The intimacy we have with our own limbs is an illusion. Like our almost-twins, we have forgotten the agony of losing ourselves again and again in the nighttime, in the daydream, the buzzing cramp, in trauma. All preludes to the absolute loss of ourselves in death. Yet we tell ourselves that we feel ourselves, that our touch brings us into being. That we know ourselves in our histories, in our futures, through the horoscope of physical love.
V. He Quit Me
It wasn’t the queen of diamonds that I drew first
Instead I got the ace of spades reversed
She quit me
She up and quit me, man—yeah
A dark horoscope. Fortune fallen, a lover left, the grinning sorrow of losing favor with fate. When Leslie Miller sings “he quit me,” a woman expresses the same sentiments towards her man—but in the context of Midnight Cowboy, a movie about a male prostitute and his pimp who share a profound friendship, a brotherhood, an almost-twinning broken apart in their unbreachable differences, I imagine Zevon singing “he quit me,” imagine Jon Voight’s Joe Buck (“Where’s that Joe Buck? Where’s that Joe Buck?”) singing to Dustin Hoffman’s Ratso Rizzo:
He quit me
He up and left me, man—yeah
Intimacy between friends becomes vital only in the threat of its loss. Loyalty undone. Intimacy between brothers becomes meaningful only in the threat of its contusion. Blood broken.

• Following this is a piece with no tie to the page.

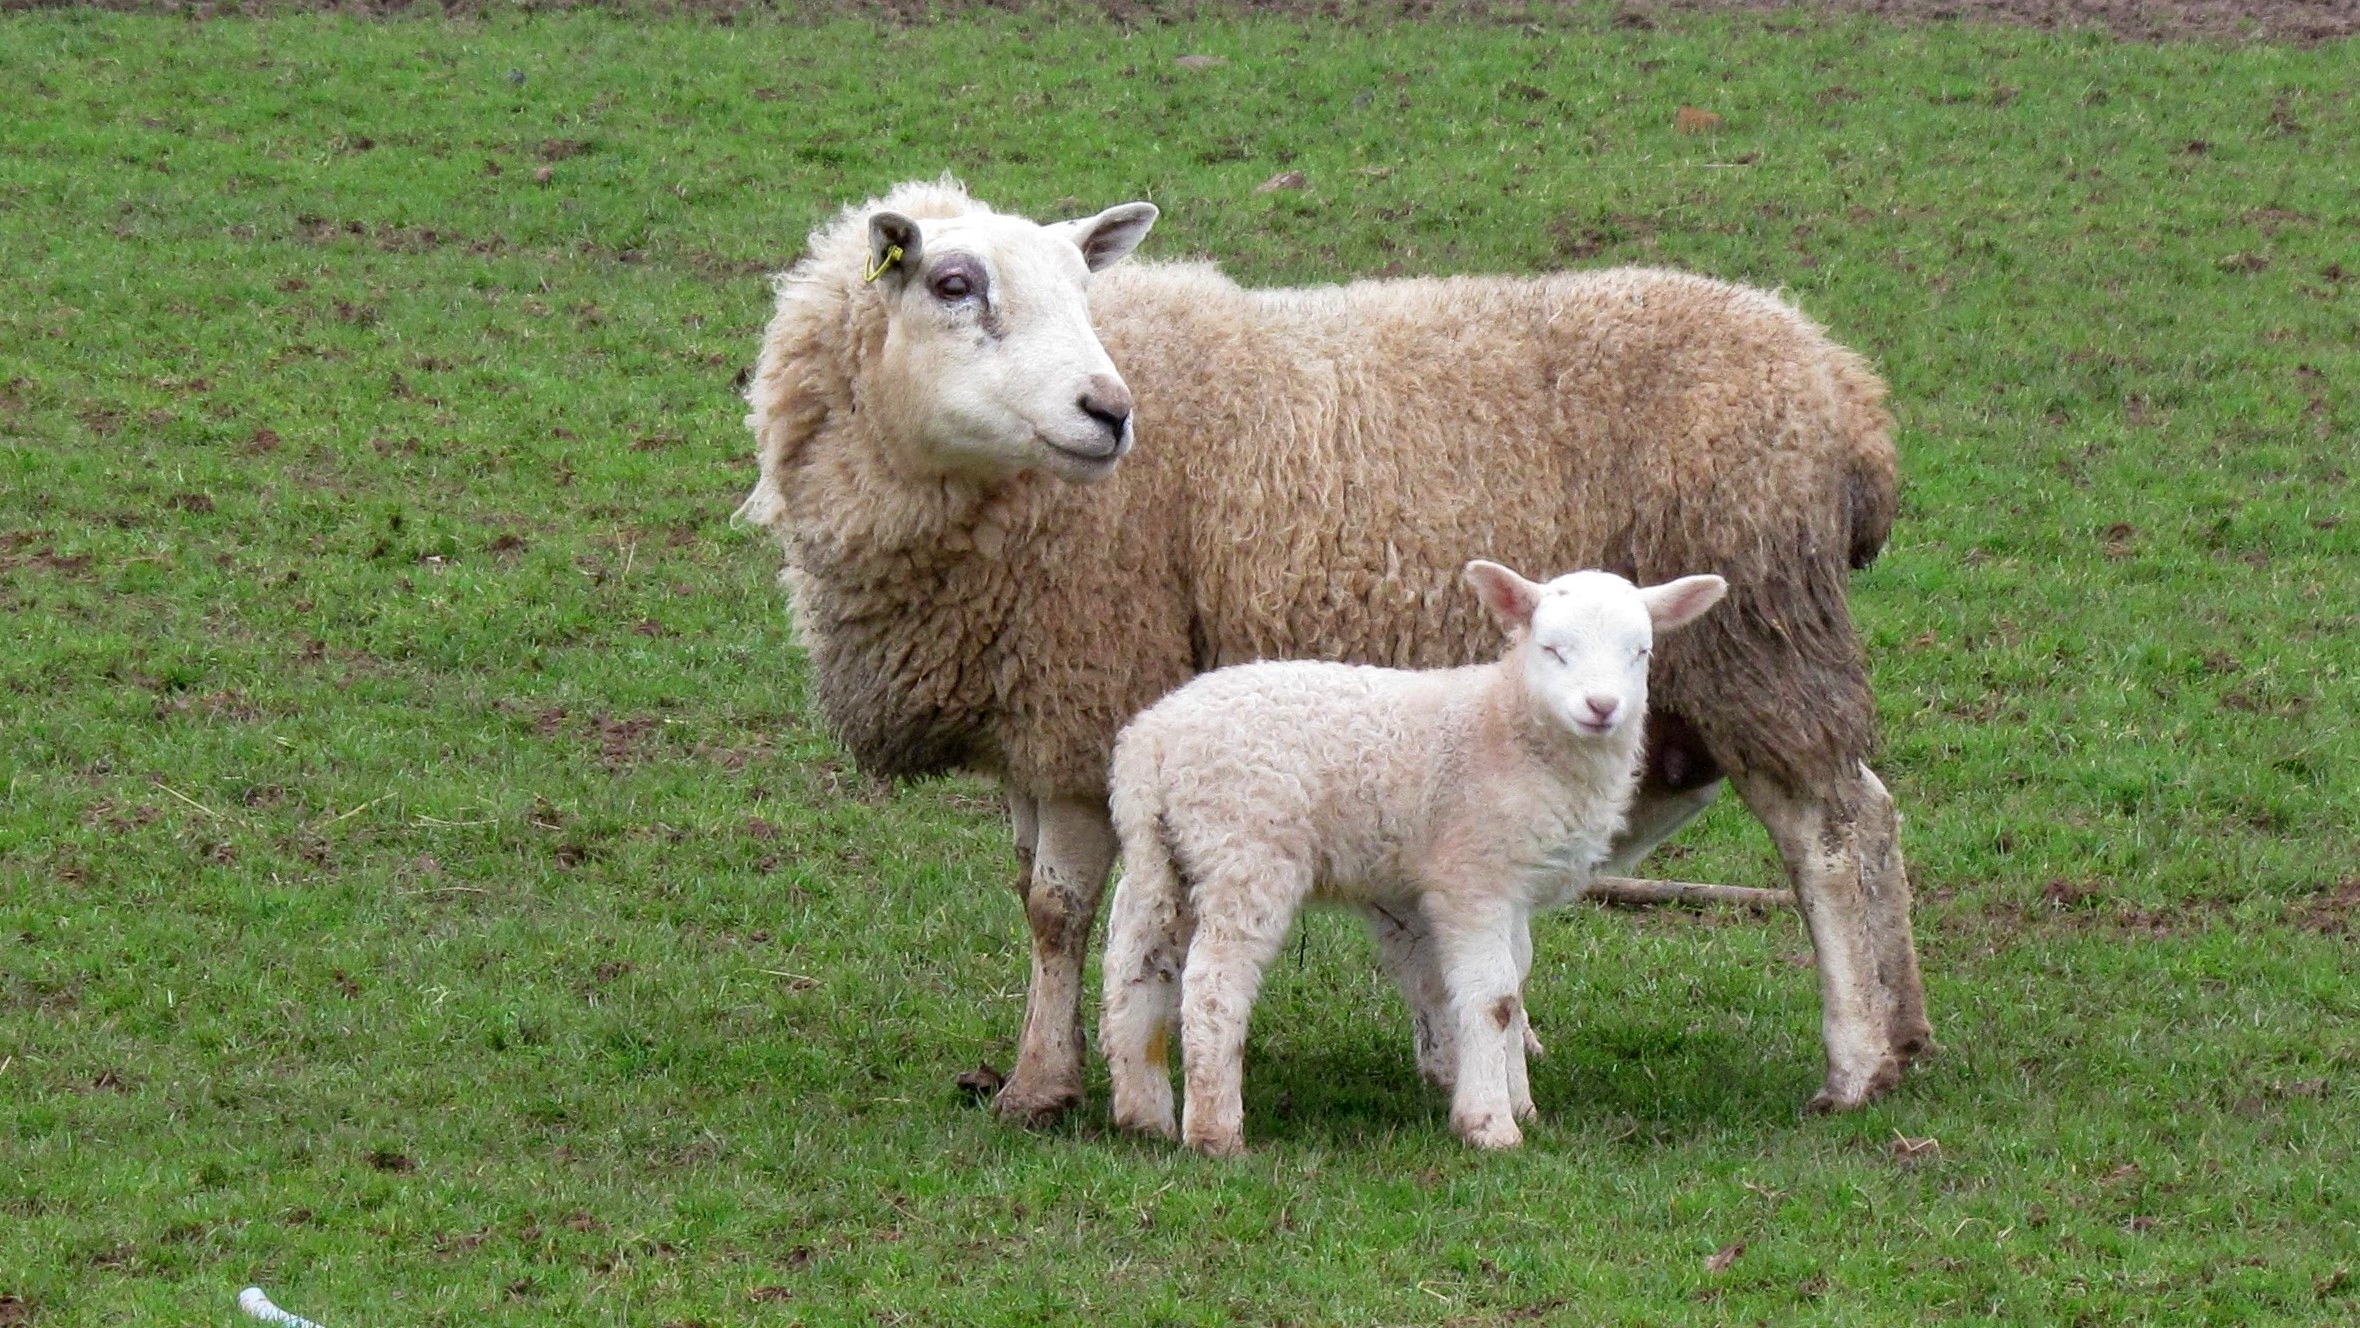 Mama Sheep

The intimacy between twins becomes the limit of the world: its loss as its only reality. So we call it back to daylight, touch and poke and puncture, rub back into consciousness. Seek to read the future in a gaze unraveling along a different track, in the glimpse of evil that promises the possibility of goodness. In the horoscope that determines our future before our past. A way of reading that suggests we might become intimate with ourselves again if only we believed in a different story about who we were. I am living under the sign of white crystal wind; I am the tangerine hawker; I am the almost-twin. I never saw them again.